__Instructions to follow__.
Please repeat, exactly and without pictures, the lines of the entries below that run from the one containing "Velino Compressed Headline Black" through the one containing "Printer Paper - Shop".

__Input__.
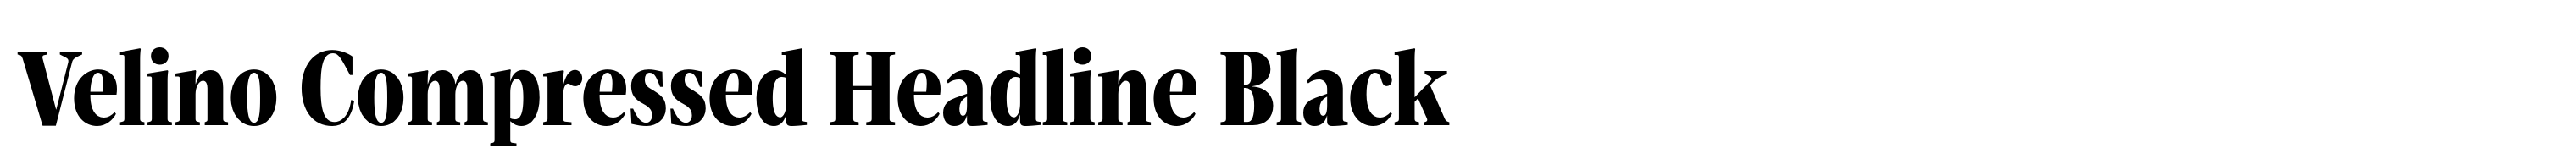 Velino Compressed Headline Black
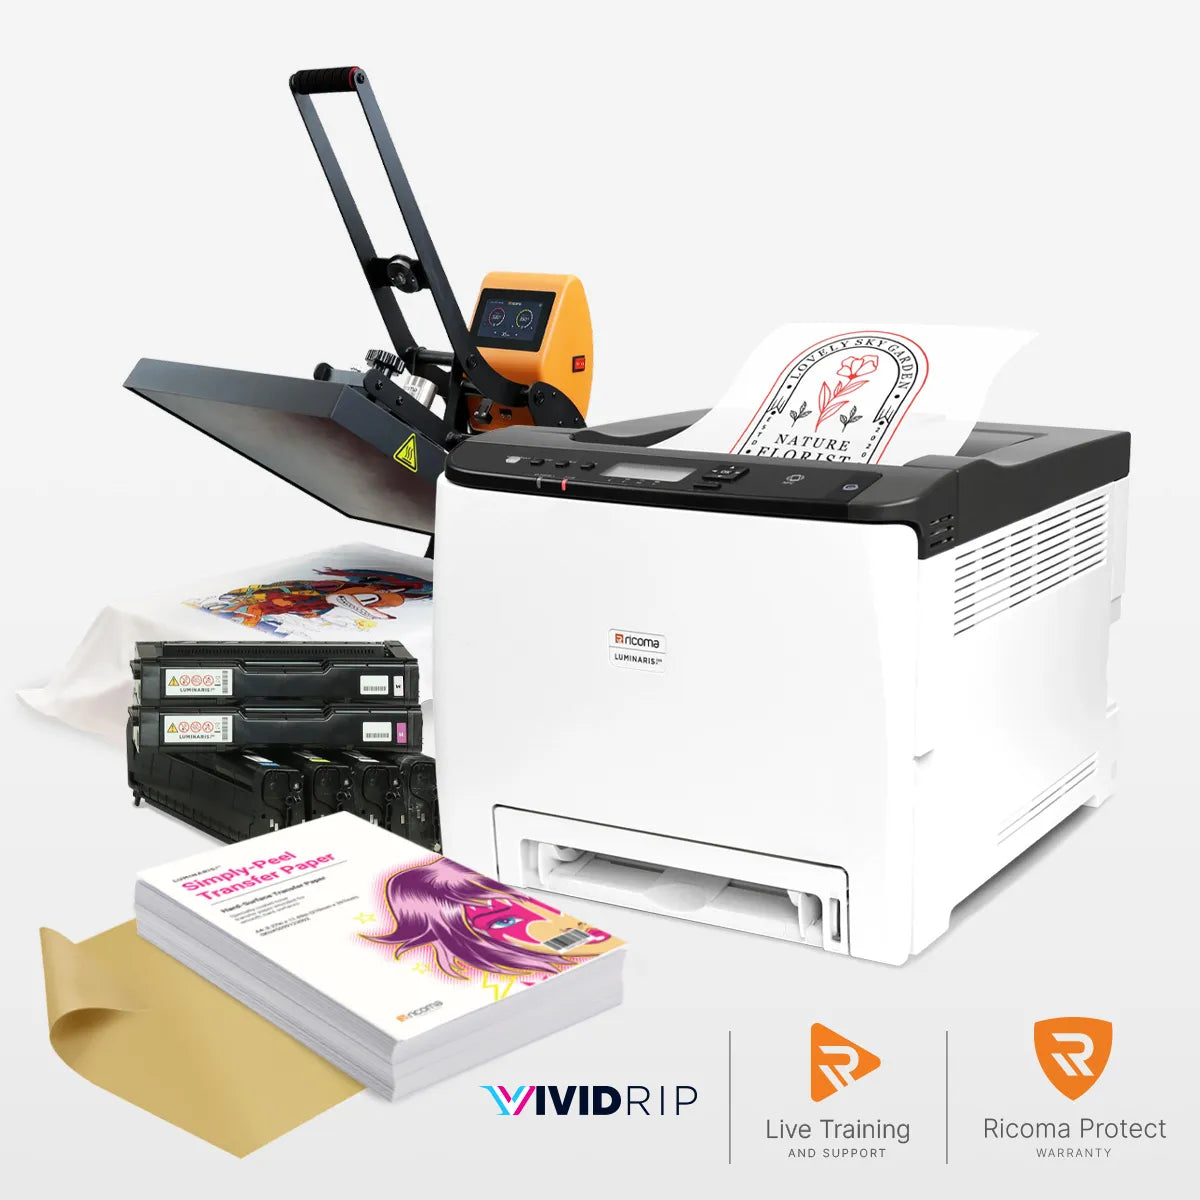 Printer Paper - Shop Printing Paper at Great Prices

...

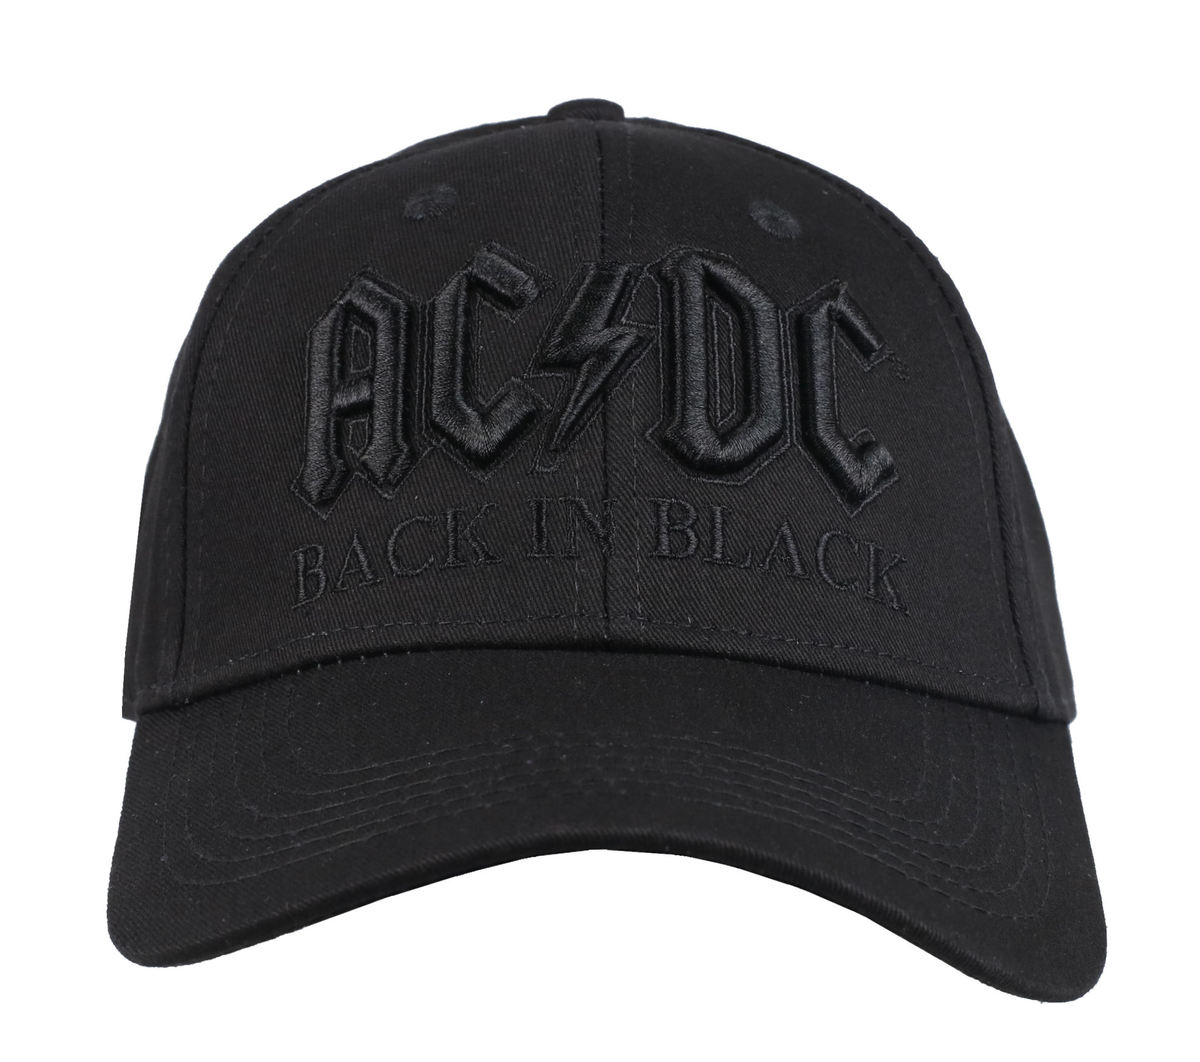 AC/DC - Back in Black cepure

__Answer for this exercise__.
 Velino Compressed Headline Black
 Printer Paper - Shop Printing Paper at Great Prices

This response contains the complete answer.